PCI-E 5.0 is even more useless than PCI-E 4.0. Few minutes ago we were complaining about board prices, now we're thinking of adding more NVMe storage? Really? Thunderbolt 4 is cool if you need it. 95% of people don't.

Then there's B550 which is unlocked and way cheaper...


----------



## The King (Nov 4, 2021)

bug said:


> It still comes down to whether you want 5800X performance for 12600k money or for 5800X money


Not if you factor the cost of a new LGA 1700 motherboard and going for DDR5 RAM. Cost goes out the window.
B450 boards can run 5800X and 5600X for cheap.


----------



## cst1992 (Nov 4, 2021)

The King said:


> going for DDR5 RAM


Based on what I've read, DDR4 modules are compatible (with LGA1700).


----------



## R0H1T (Nov 4, 2021)

cst1992 said:


> What I saw in this review is that the 12600k is on par with 5800x on many counts.


So is the 5600x, depends a lot on what you're measuring though.



cst1992 said:


> Based on what I've read, DDR4 modules are compatible.


Not on the same board, unless I've missed some that support dual (types of) memory.


----------



## Deleted member 24505 (Nov 4, 2021)

Nice chip. think i will be having me a 12600k setup very soon.


----------



## wheresmycar (Nov 4, 2021)

I don't know why I get sucked into all that pre-launch hype "EVERYTIME". I was expecting something more, more faster and less on the power consumption. Seems like an ordinary next Gen jump to push past ZEN 3. AMD will reply with the same.. and so on. Both AMD and Intel are taking the pee pee with pricing hence the competition doesn't help the consumer.

Intels AL mobo pricing....YUCK!

Dunno how fat all your pockets are but mine are saying stay well away from these daylight robbers. For 1440p gaming, I can't see anything special enough to consider an upgrade over my current 7700K setup.
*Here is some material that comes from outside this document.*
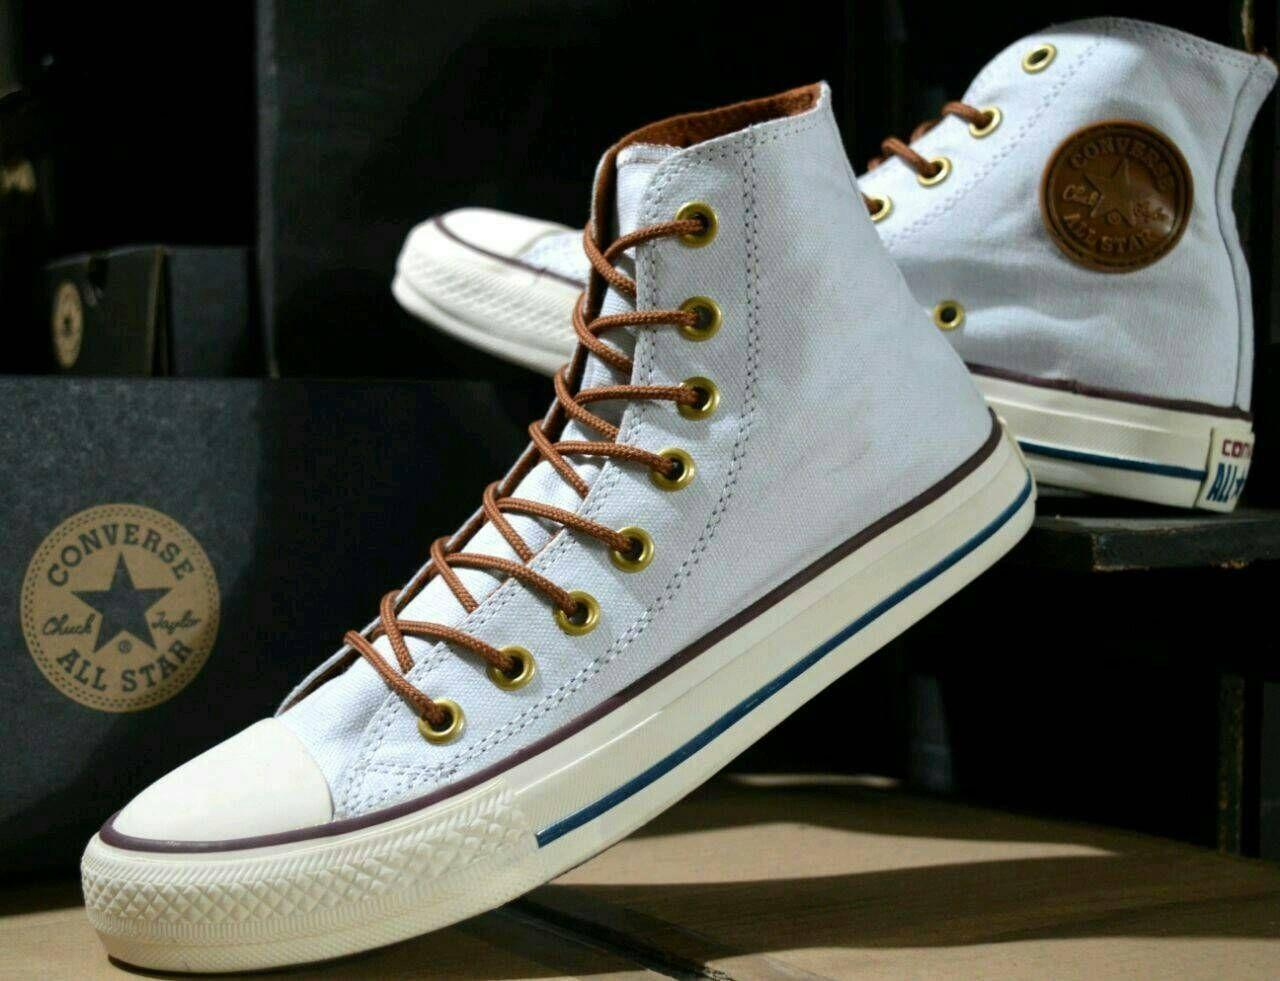 Sepatu Converse Tali Gaya Pria terkini Slip On Pantofel Boots Putih
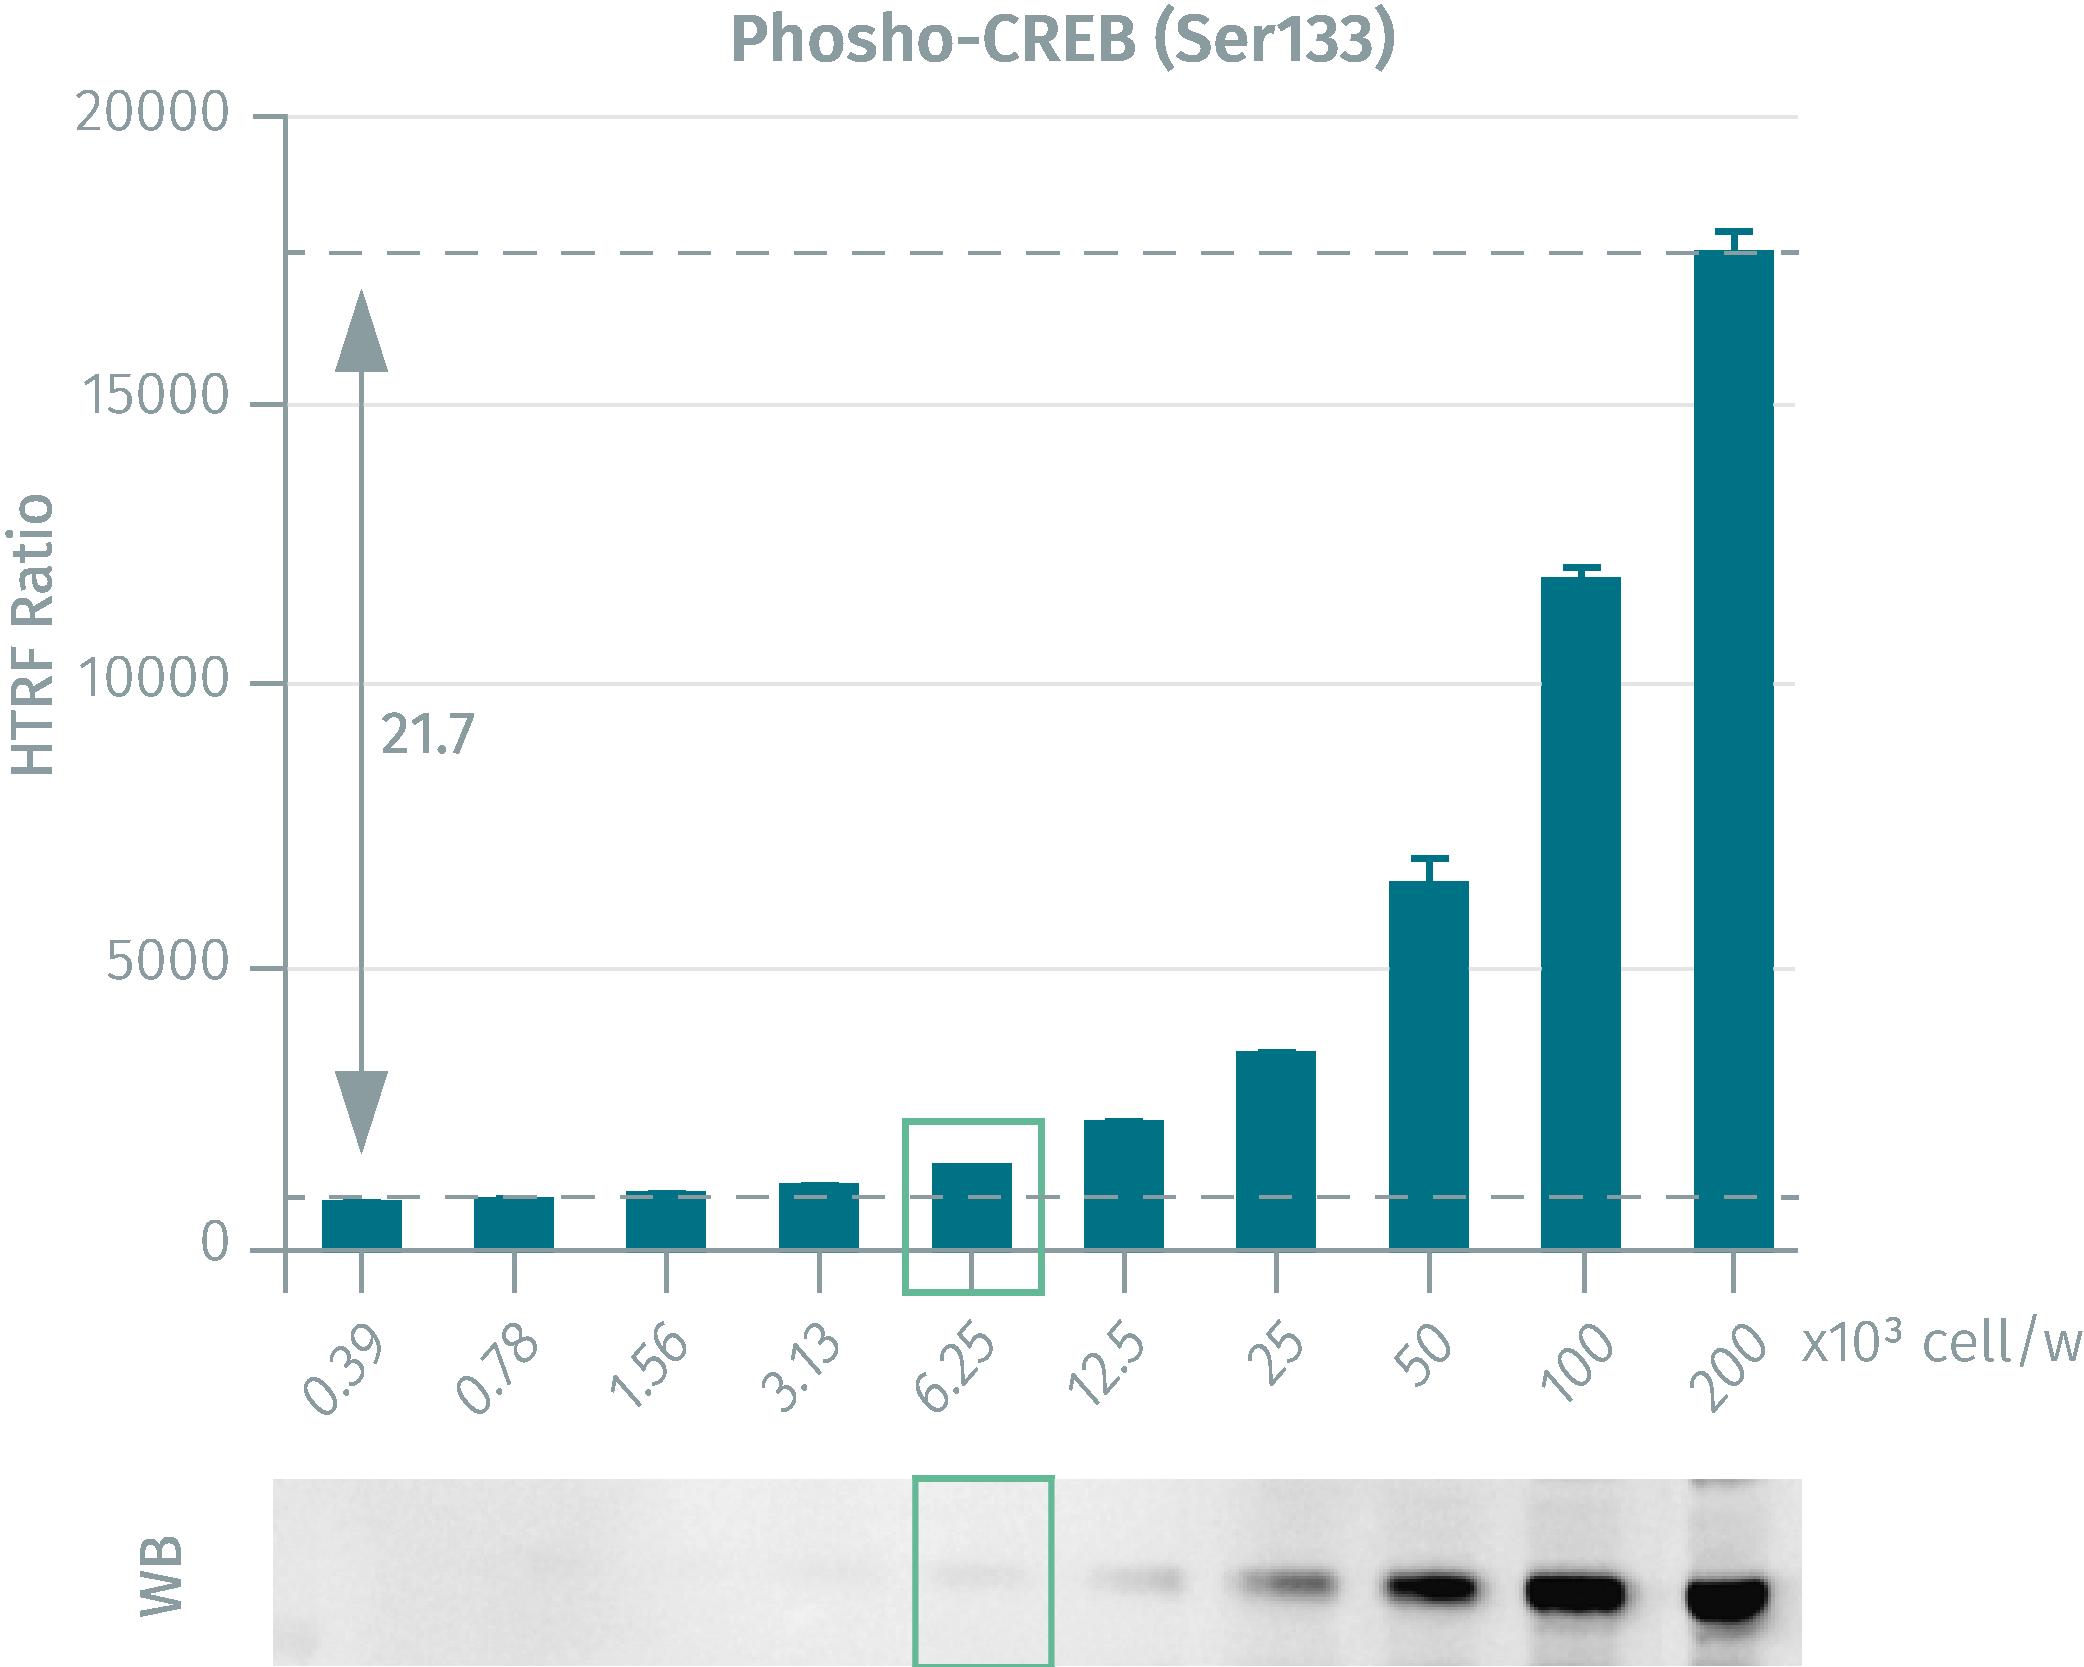 Western Blot versus HTRF phospho-CREB assays

Certainly not worth forking out $500+ for (unless specific game/core requirements suggest otherwise).

EDIT: just venting!!!!! I wanna/needa/shoulda upgradee!


----------



## cst1992 (Nov 4, 2021)

R0H1T said:


> Not on the same board, unless I've missed some that support dual (types of) memory.


No, not on the same board. The Z690 Hero that TPU uses supports only DDR5, whereas the Prime Z690-P D4 supports only DDR4. Both support LGA1700.


----------



## The King (Nov 4, 2021)

cst1992 said:


> Based on what I've read, DDR4 modules are compatible.


Yes but you have to go for either a DDR4 board or DDR5 board. Going to a new Platform and sticking to DDR4 seems like a step backwards.
Review for DDR4 boards will answer this question. Still cost of the LGA 1700 boards have to be factored in with the cost of the 12XX CPUS. 
So it adds to overall cost at the end of the day.


----------



## R0H1T (Nov 4, 2021)

Similar prices? I'm assuming DDR4 boards could be cheaper?


cst1992 said:


> No, not on the same board. The Z690 Hero that TPU uses supports only DDR5, whereas the Prime Z690-P D4 supports only DDR4. Both support LGA1700.


Also with unlocked processors & basically unlimited turbo you better get a good board now!


----------



## cst1992 (Nov 4, 2021)

The King said:


> Yes but you have to go for either a DDR4 board or DDR5 board. Going to a new Platform and sticking to DDR4 seems like a step backwards.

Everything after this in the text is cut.